Guidance for industry (draft and final) and related literature available online by medical product regulators globally was sought and, where needed, translated into English language using a certified translator. Consultations were then held with practicing experts to identify, collate, and interpret documents. An online Tableau tool was assembled to collate guidance documents and regulatory definitions of the following key terms used among the community to describe fit‐for‐use RWE in regulatory submissions: relevance, reliability, and quality.

Results

As of February 2025, the United States Food and Drug Administration (FDA) has released the most RWE guidance documents to date (n = 13; 4 draft, 9 final). Four (4) regulators globally (US FDA, EMA, Taiwan FDA, Brazil ANVISA) have directly defined at least two (2) out of the three key terms (reliability, relevance, quality), indicating alignment around the importance of these terms used in the context of RWD/E. Across these terms, we propose areas of definitional alignment: data representativeness and research and regulatory concern (relevance), accuracy in data interpretation and quality and integrity during data accrual (reliability), and data quality assurance across sites and time (quality). We propose areas of definitional misalignment regarding clinical context, data availability and representativeness, and ensuring study sample sizes and/or datasets are adequate to address a given study question.

Conclusions

Our assessment of definitions provided among these four regulators lends us to propose distinct areas for harmonization based on our assessment of where regulators appear to align and highlight opportunities to address misalignment.

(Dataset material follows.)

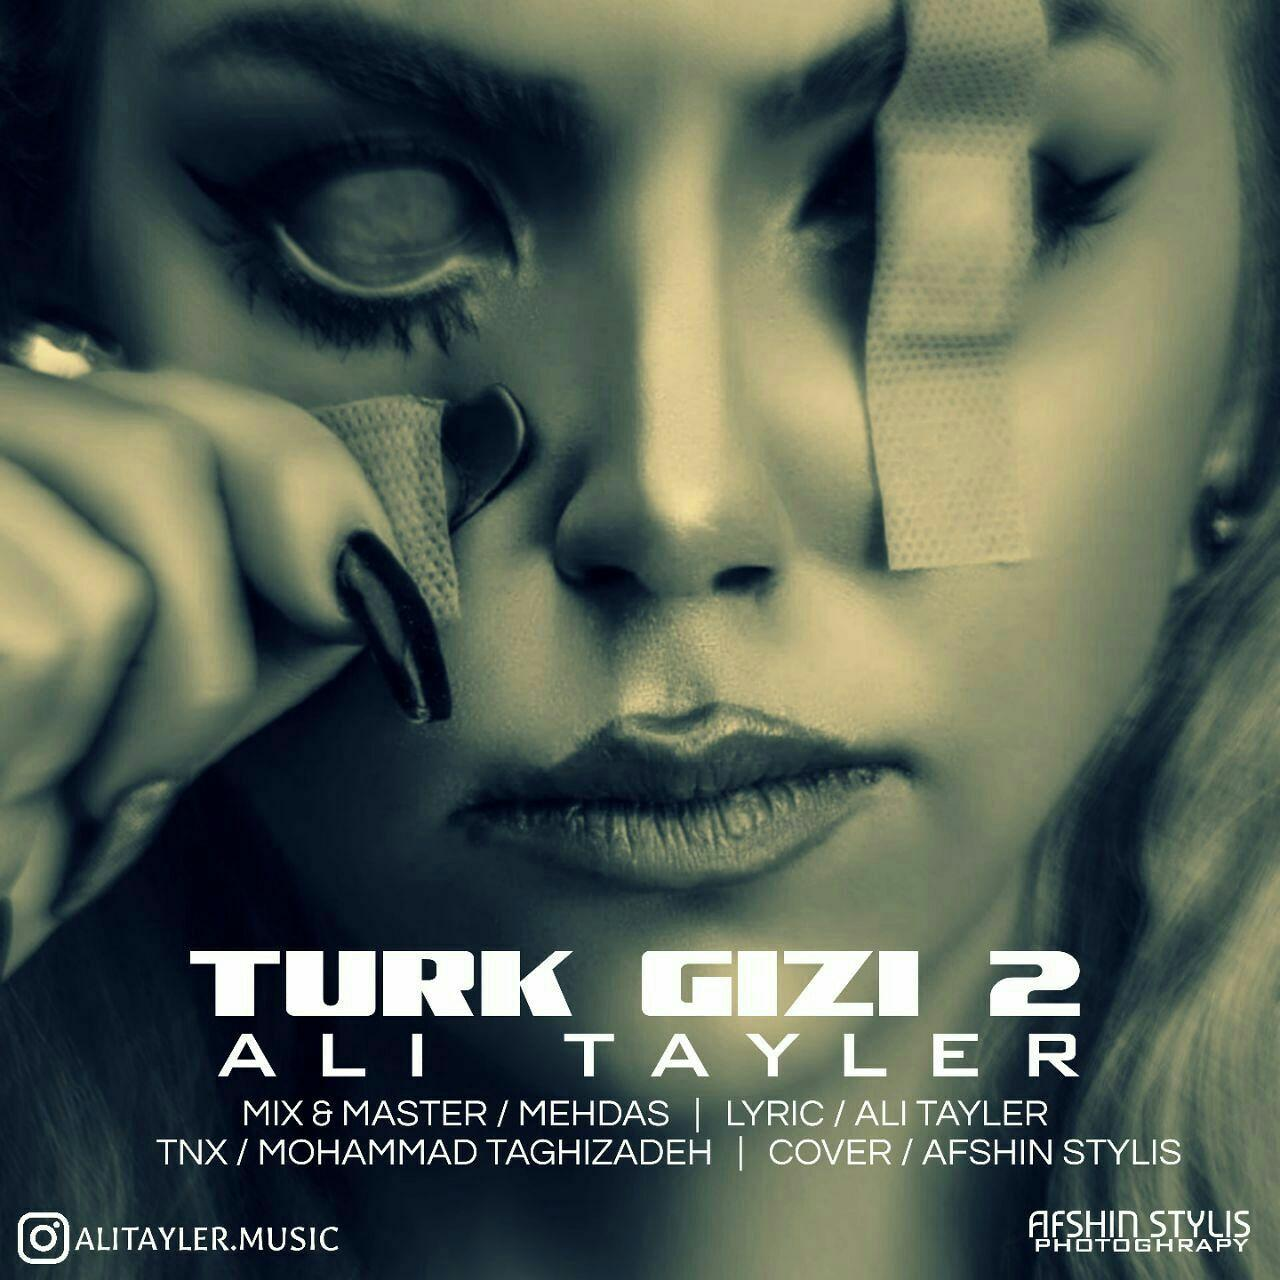 http://s7.picofile.com/file/8392391518/01Ali_Tayler_Turk_Gizi_2.jpg

Keywords: international harmonization, real‐world data, real‐world evidence, regulatory science


Summary.

  • As international harmonization of real‐world evidence (RWE) standards is a goal among medical product regulators globally, the Duke‐Margolis International Harmonization of RWE Standards Dashboard was built to serve this goal.

  • The United States Food and Drug Administration has published the most guidance (n = 13), although only four (4) regulators (US FDA, EMA, Taiwan FDA, Brazil ANVISA) have directly defined and aligned around the use of at least two (2) of the following key terms used to describe fit‐for‐use RWE in regulatory submissions: reliability, relevance, and quality.

  • Our assessment of findings to date in the Dashboard supports areas for harmonization as well as opportunities to address specific areas of misalignment.

1. Purpose

Real‐world data (RWD) and real‐world evidence (RWE) are increasingly used to demonstrate both the efficacy and safety of medical products investigated globally across a broad range of therapeutic and disease areas [1]. RWE approaches have involved but have not been limited to the use of external RWD controls (direct matching, benchmark/natural history), external controls (literature/prior trials), and RWD generated via an expanded access program [1, 2]. For these reasons, international harmonization of RWD and RWE standards has become a stated goal among regulators, medical product developers, and their collaborators globally.

In 2022, members of the International Coalition of Medicines Regulatory Authorities (ICMRA; European Medicines Agency [EMA]; the United States Food and Drug Administration [US FDA]; and Health Canada) published a statement noting their interest and intent to converge on terminology for RWD and RWE. More recently, members of the M14 working group within the International Conference on Harmonization (ICH) have published draft guidelines on M14 General Principles on Plan, Design, and Analysis of Pharmacoepidemiological Studies That Utilize Real‐World Data for Safety Assessment of Medicines [3].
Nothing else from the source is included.